Task instructions ::
All that belongs in the answer is the lines from the one containing "FixCyprus logo" to the end of the listing below, copied exactly, pictures excluded.

Collected material ::

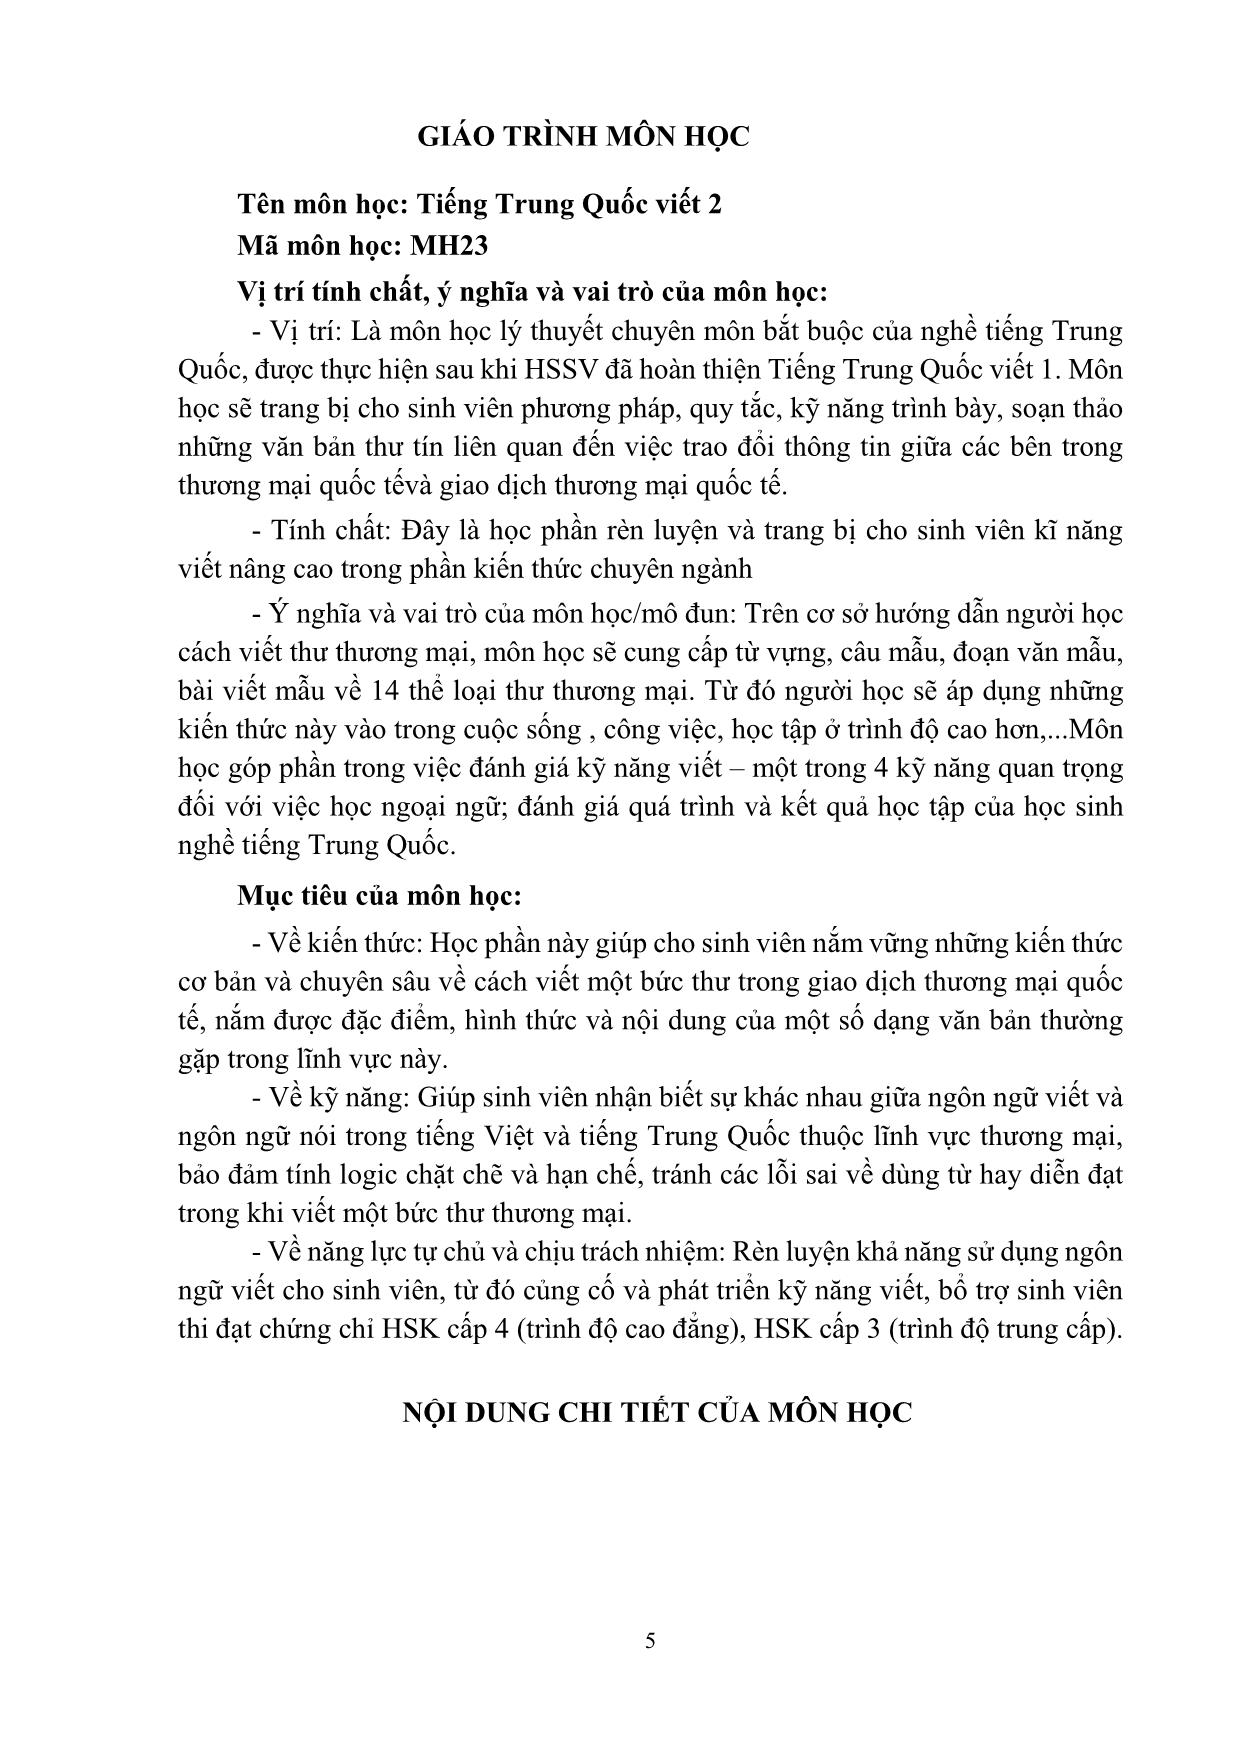 Giáo trình Tiếng Trung Quốc viết II trang 5
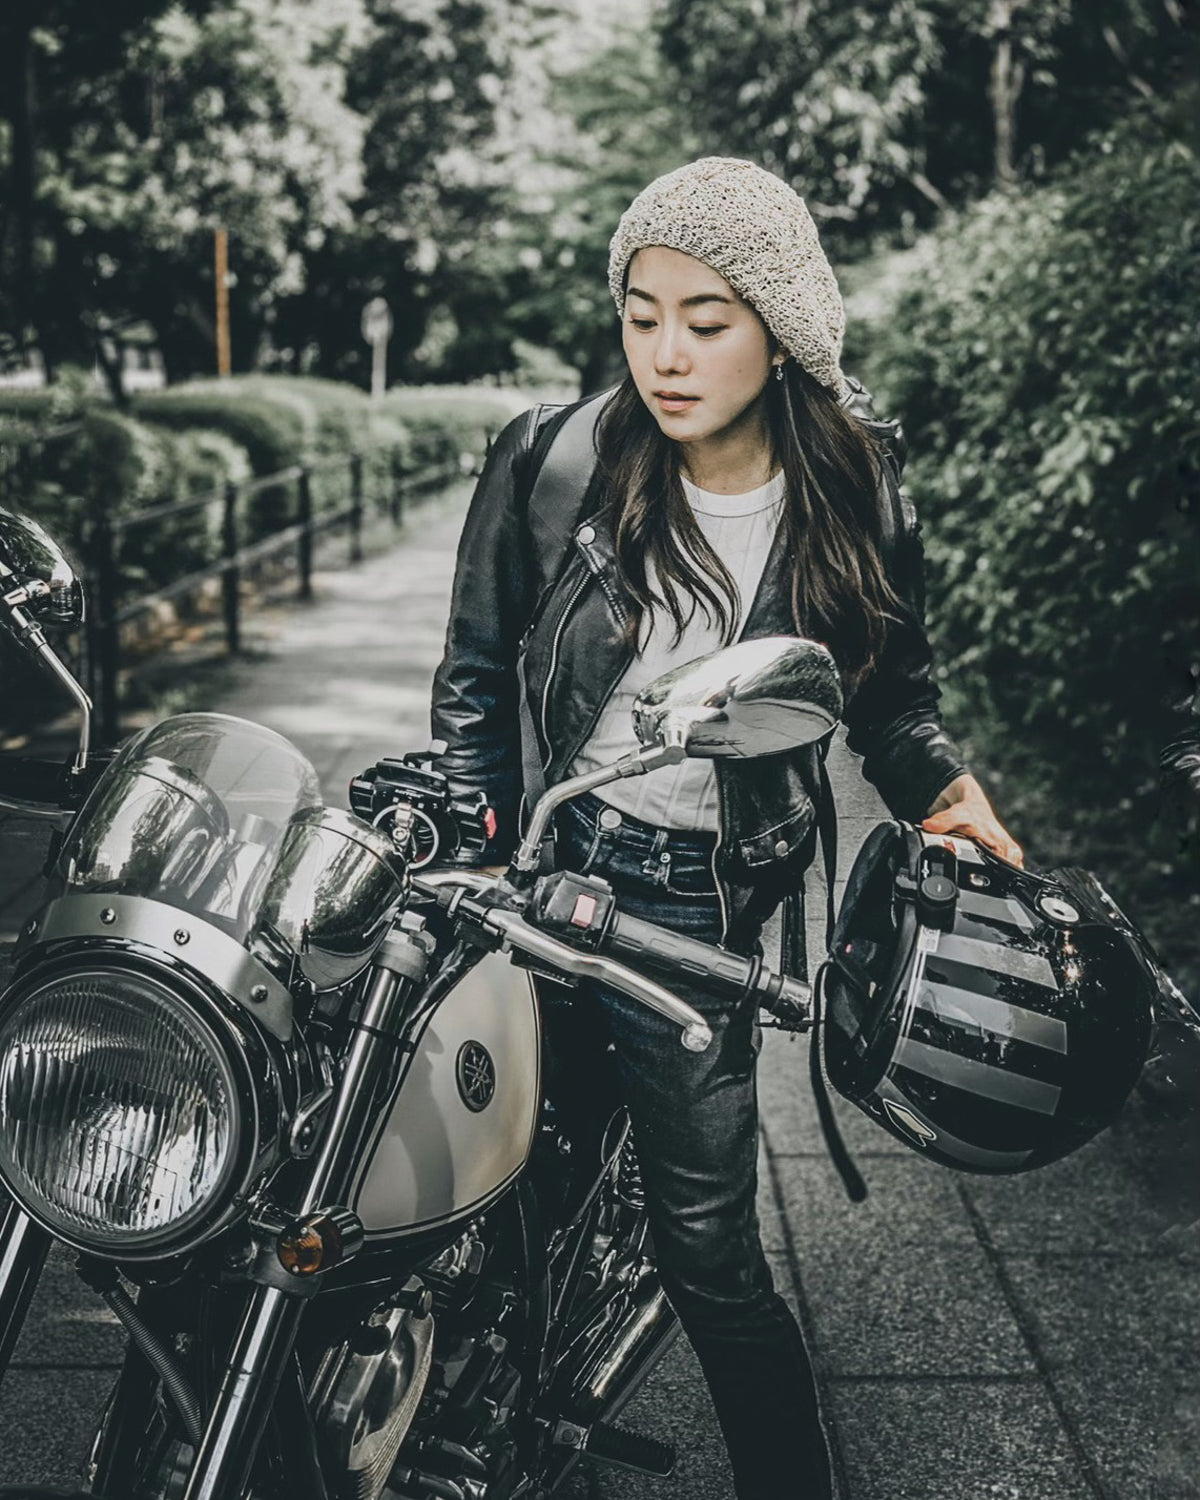 Her story Nami Migita - Moto Femmes
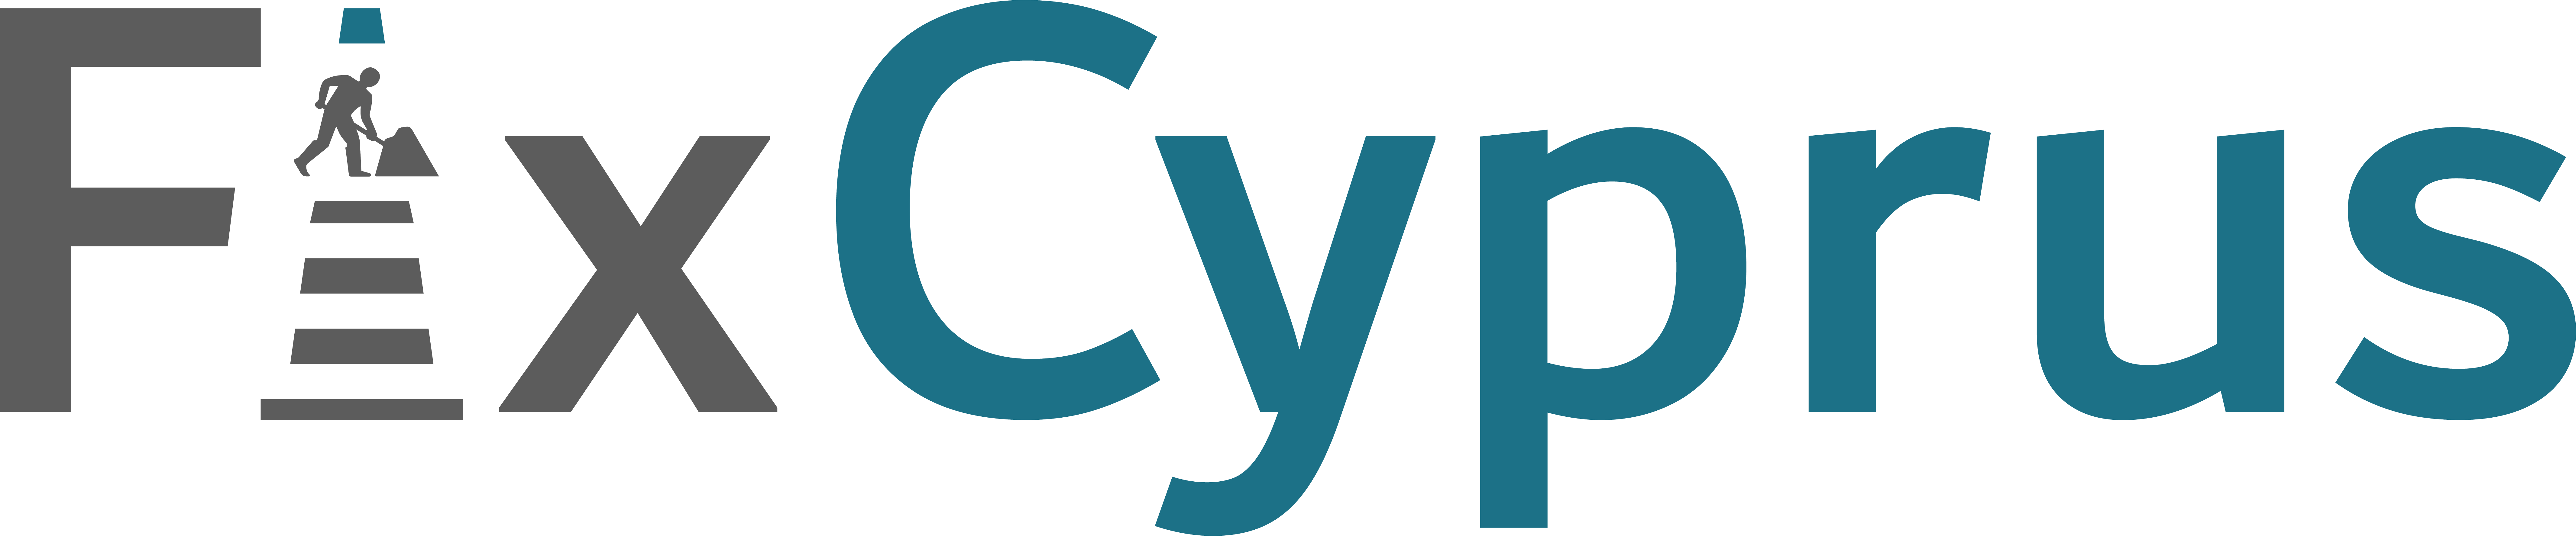 FixCyprus logo
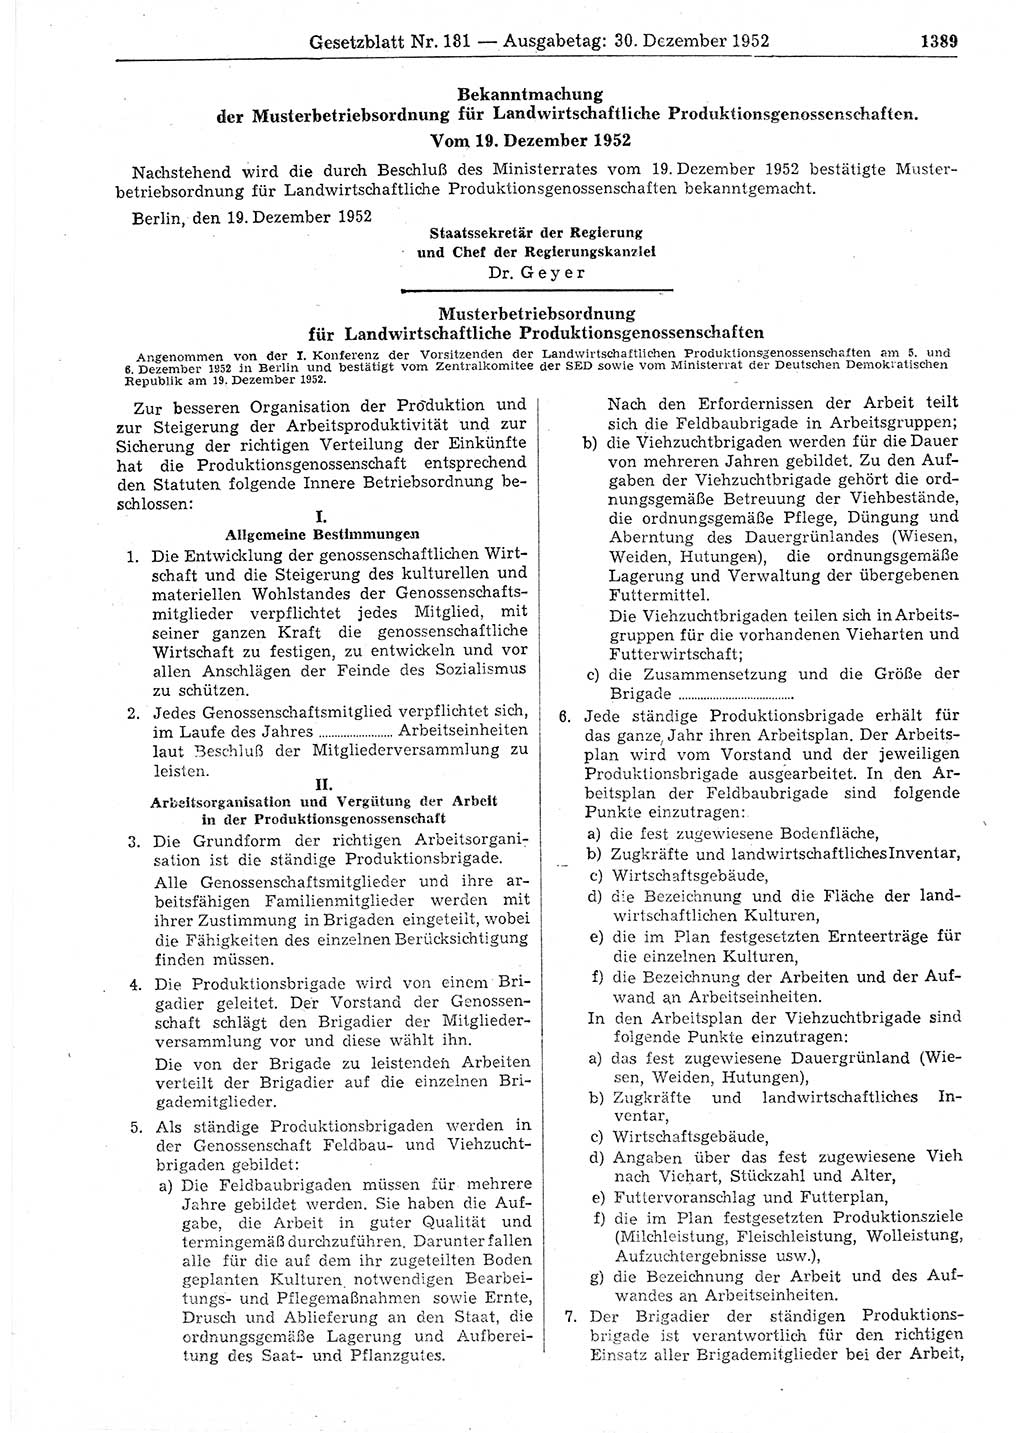 Gesetzblatt (GBl.) der Deutschen Demokratischen Republik (DDR) 1952, Seite 1389 (GBl. DDR 1952, S. 1389)

Exercise answer ::
 FixCyprus logo
 Gesetzblatt (GBl.) der Deutschen Demokratischen Republik (DDR) 1952, Seite 1389 (GBl. DDR 1952, S. 1389)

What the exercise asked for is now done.